Duets is a 2000 American road trip film co-produced and directed by Bruce Paltrow and written by John Byrum. The motion picture features an ensemble cast with Gwyneth Paltrow, Huey Lewis, Paul Giamatti, Maria Bello, Angie Dickinson, Scott Speedman, and Andre Braugher among others. The movie "revolves around the little known world of karaoke competitions and the wayward characters who inhabit it."

Plot
The story revolves around unrelated pairs of people who spend time in karaoke bars across the United States in the week leading up to a big contest in Omaha.
Ricky Dean (Huey Lewis), a hustler on the karaoke circuit, travels from town to town feigning ambivalence of karaoke, then winning both the contests and side bets with locals. Detoured by a phone call, he travels to Las Vegas for the funeral of an ex; while there, he meets his daughter Liv (Gwyneth Paltrow), with whom he has not had contact for many years.
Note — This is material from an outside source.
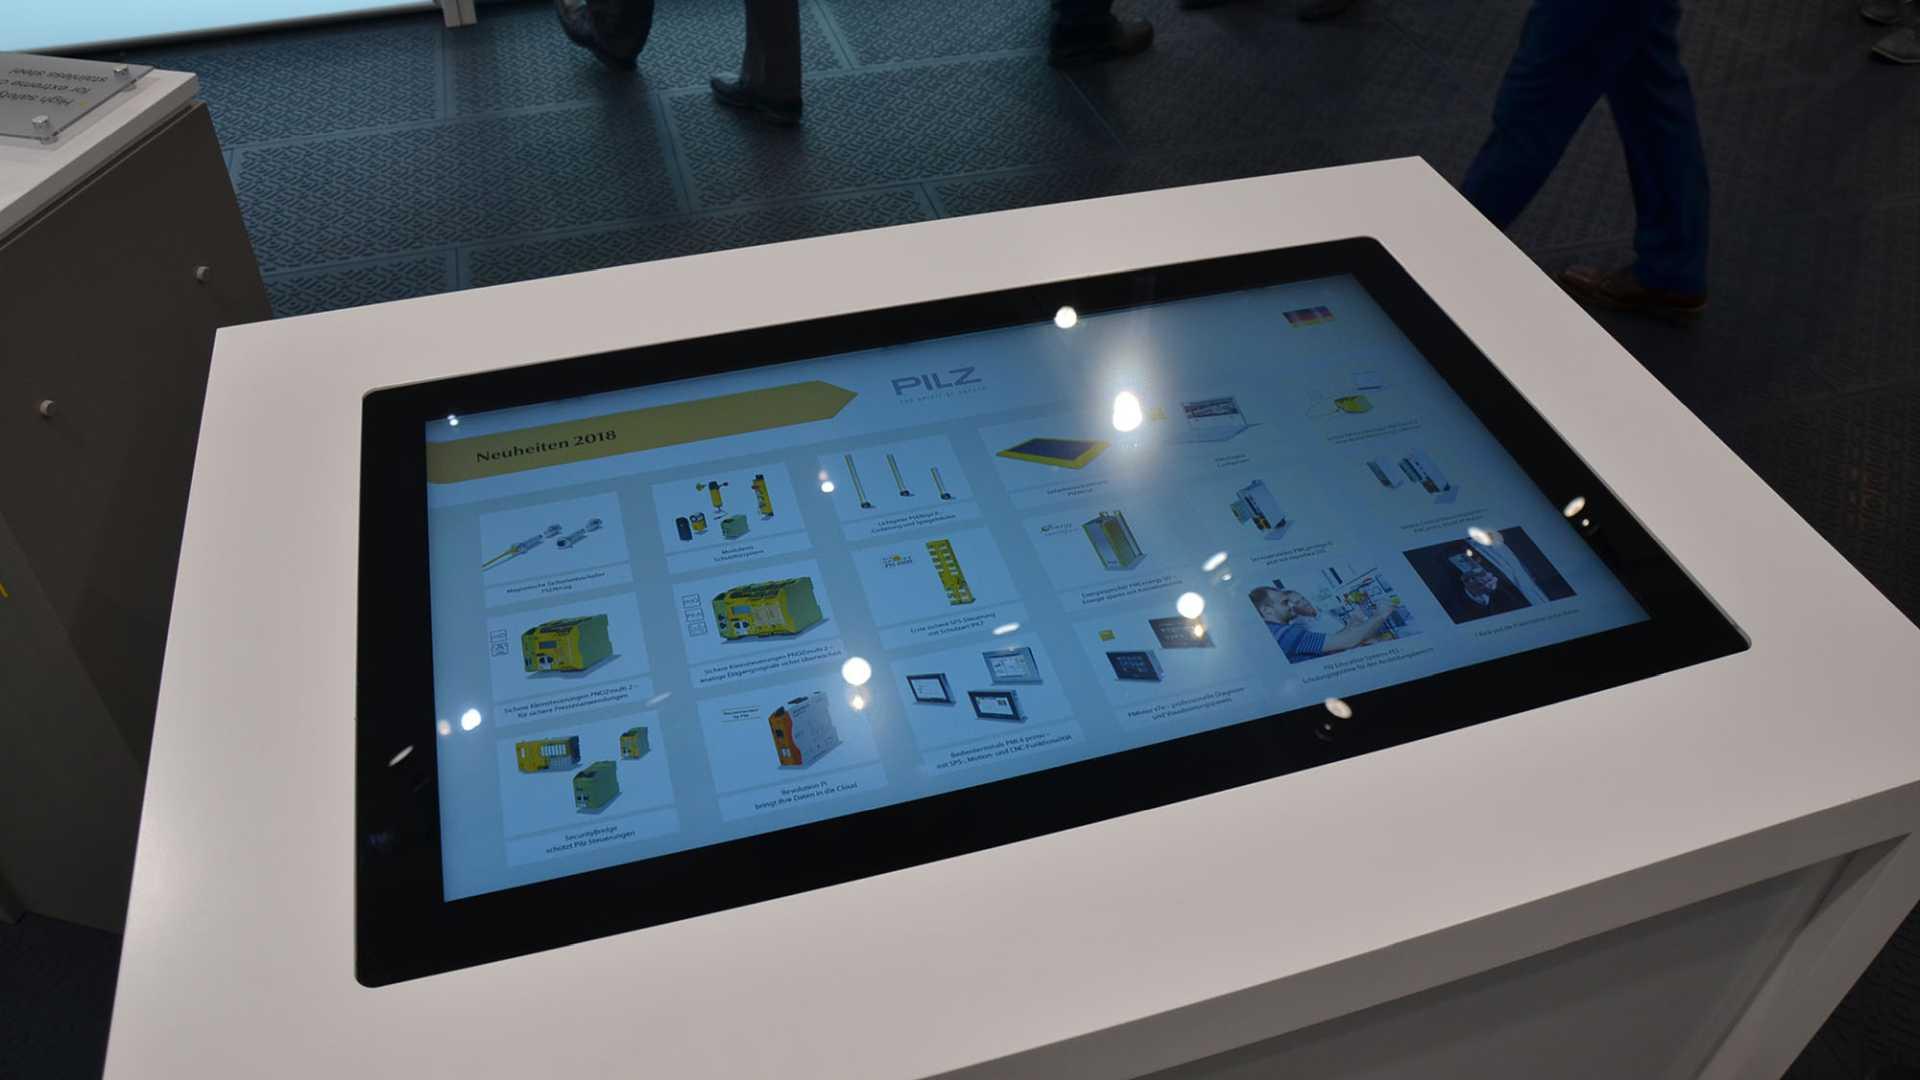 Präsentation auf Touch Table mit digitalem Produkt-Katalog von commalive für PILZ

Seeking a father figure after her mother's death, Liv joins him against his wishes on the road, both singing solos at karaoke bars. They are involved in a bar fight when one of Ricky's marks retaliates.
Depressed California salesman Todd Woods (Paul Giamatti), so exhausted from business travel he does not even know what city he is in. Arriving home, his wife Candy (Kiersten Warren) and two children are too self-absorbed to even say hello. He walks out on his family and his old life, driving aimlessly. He wanders into a karaoke bar in New Mexico, where a fellow participant offers beta blockers to help him overcome his anxiety and stage fright. Todd gets hooked on the drugs as he keeps driving.

In Utah, Todd picks up hitchhiker Reggie Kane (Andre Braugher), a charismatic but violent fugitive convict, who recently robbed at gunpoint a truck driver who gave him a lift. They form an unlikely friendship after Reggie reveals a beautiful singing voice during a duet at a karaoke bar. Todd's mental health deteriorates further as Reggie tries to keep him out of trouble; he first has to drag Todd out of a hotel when he threatens the clerk with a gun; then, after he causes a standoff at a service station, Reggie shoots and kills the attendant. Reggie arranges for Candy to meet them in Omaha, but an emotionless Todd rejects her, insisting he is finished with his former life.
Cincinnati-based underachieving cab driver and once aspiring priest Billy (Scott Speedman) goes on a drinking binge after catching his partner cheating on him. He meets Suzi Loomis (Maria Bello), a broke drifter who gets by on karaoke contest prizes and sexual favors. Neither respects the other's lifestyle, but Billy nonetheless agrees to drive her to California, stopping at karaoke bars for her to compete along the way.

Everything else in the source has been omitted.